● **Input material**:
+ + +

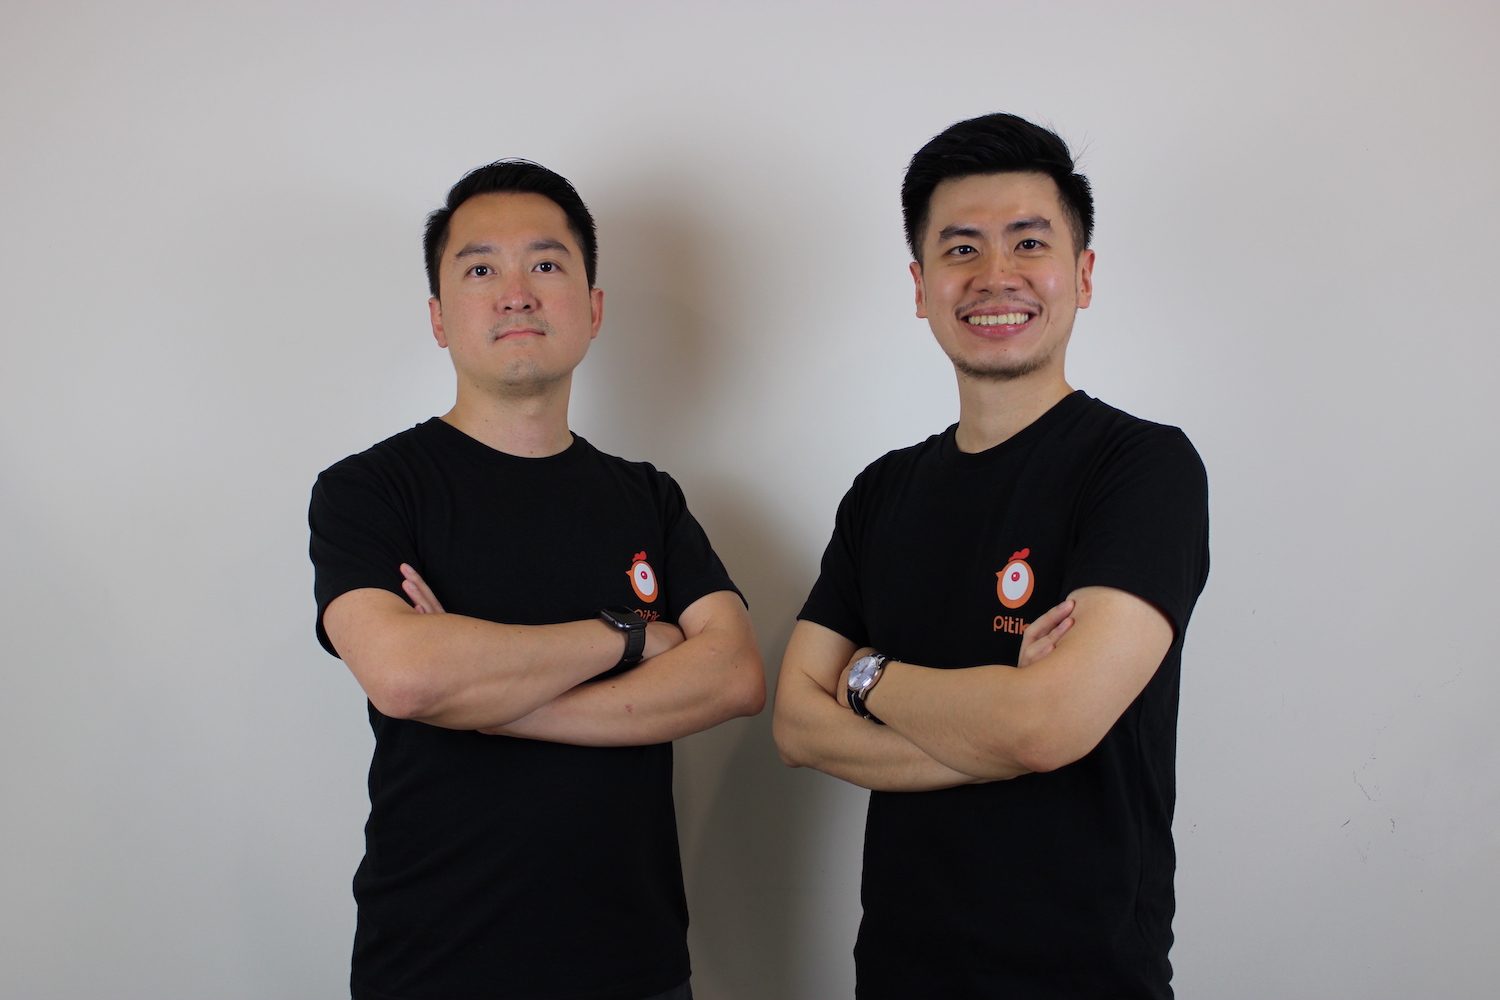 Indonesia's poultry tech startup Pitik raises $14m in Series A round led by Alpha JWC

+ + +

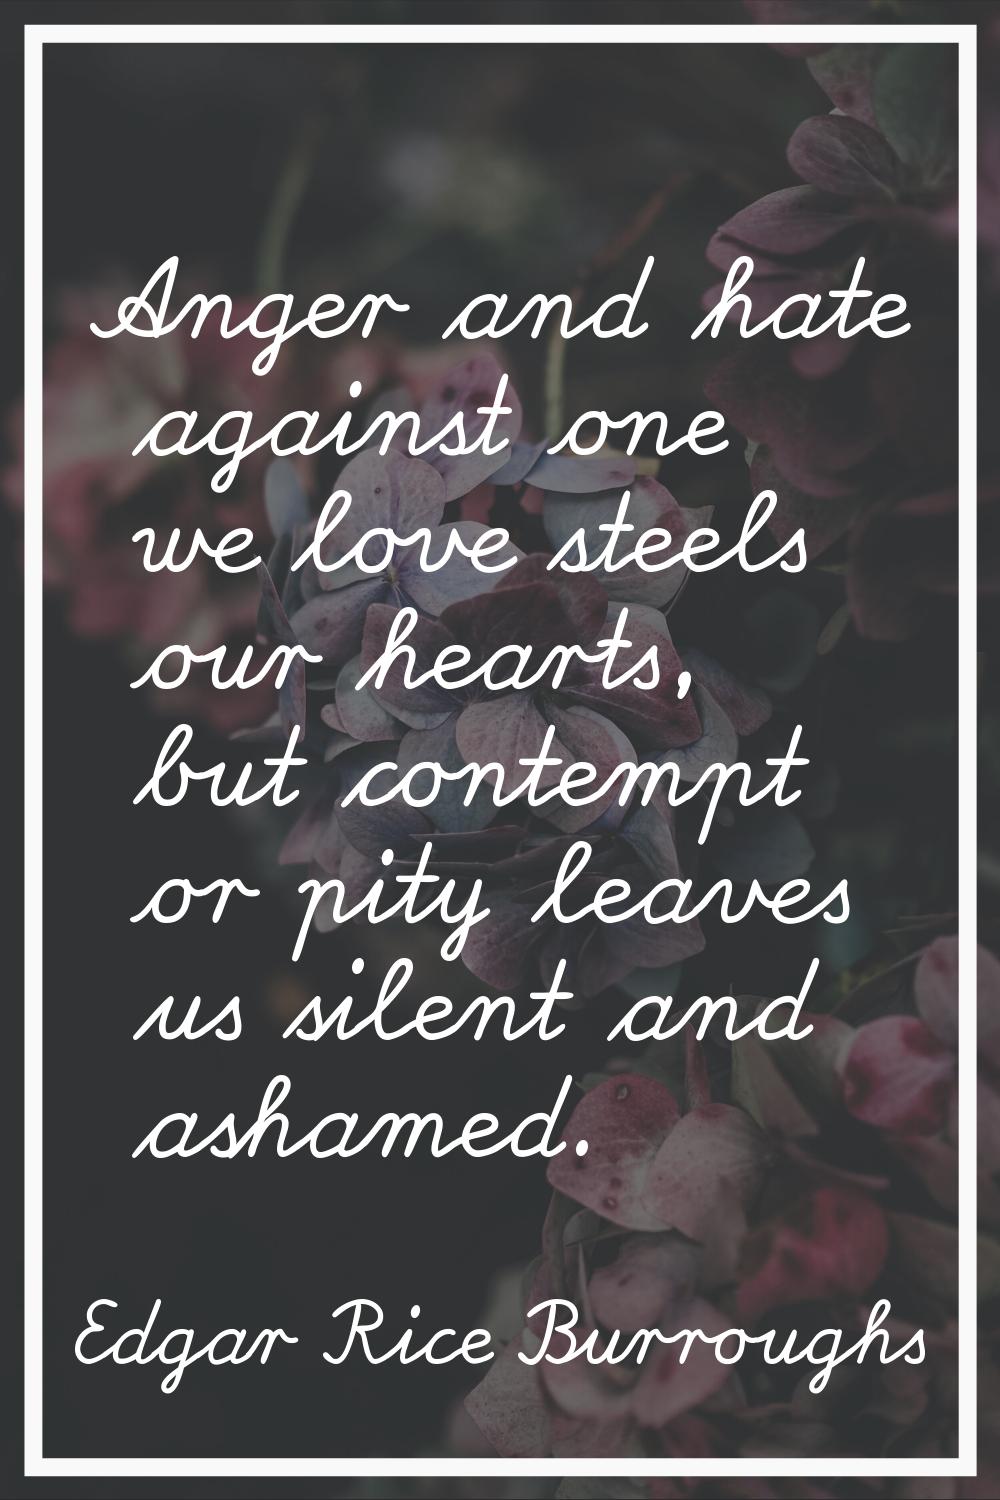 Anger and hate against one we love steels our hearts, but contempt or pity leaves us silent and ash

+ + +

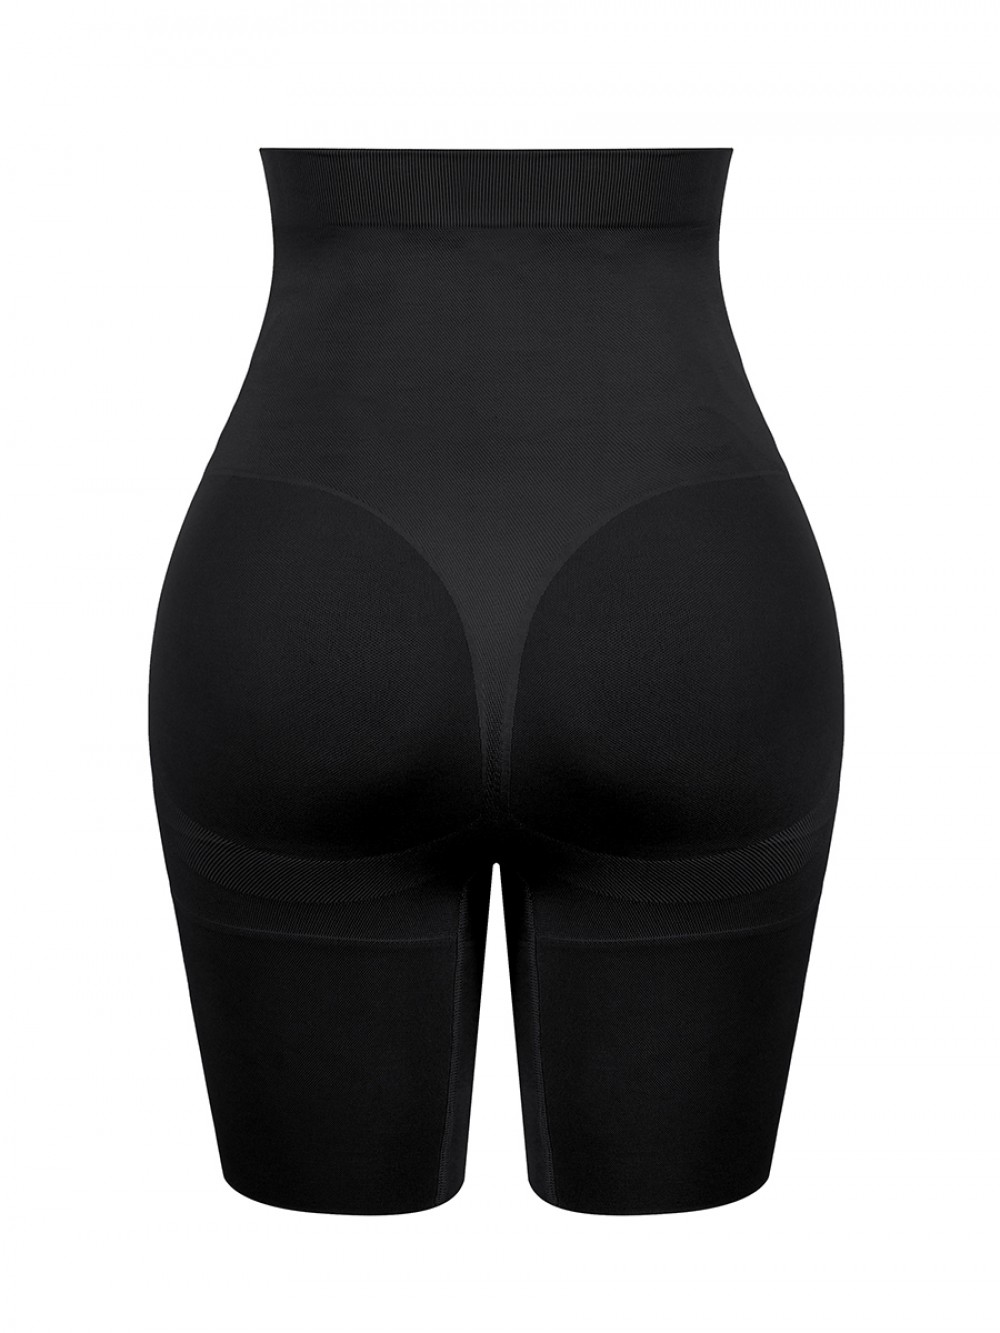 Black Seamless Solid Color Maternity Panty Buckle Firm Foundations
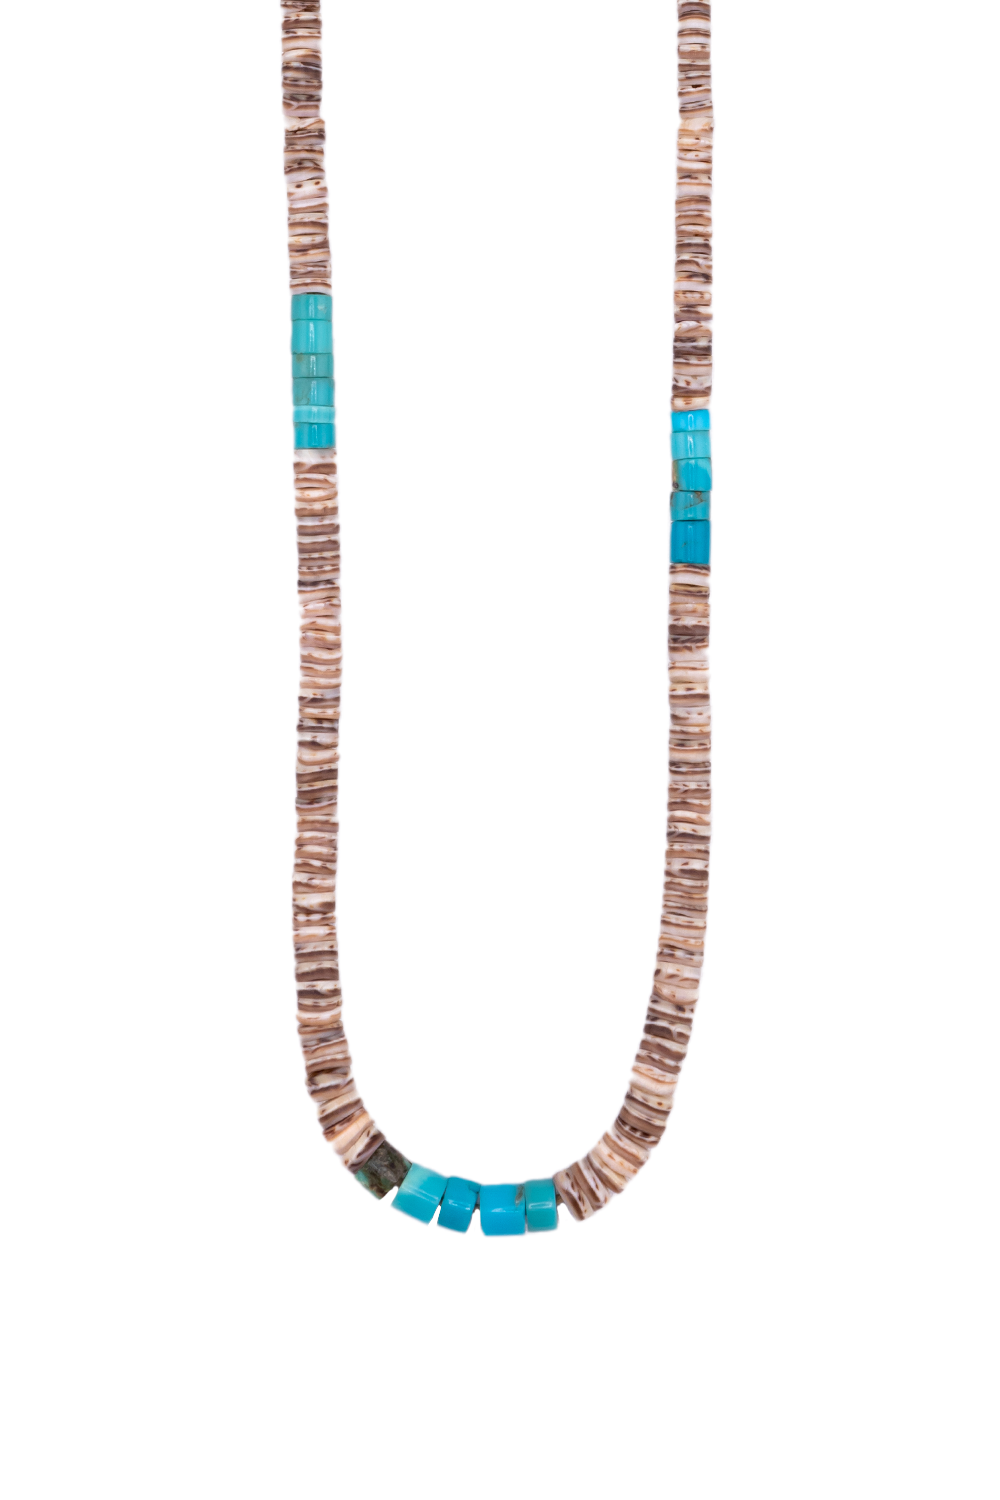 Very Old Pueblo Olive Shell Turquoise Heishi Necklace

+ + +

● **Task to complete**: When you reach the line with "Black Seamless Solid" in the records above, begin repeating the lines exactly, and stop after the line with "Very Old Pueblo". Skip all pictures.

● **Written solution**:
 Black Seamless Solid Color Maternity Panty Buckle Firm Foundations
 Very Old Pueblo Olive Shell Turquoise Heishi Necklace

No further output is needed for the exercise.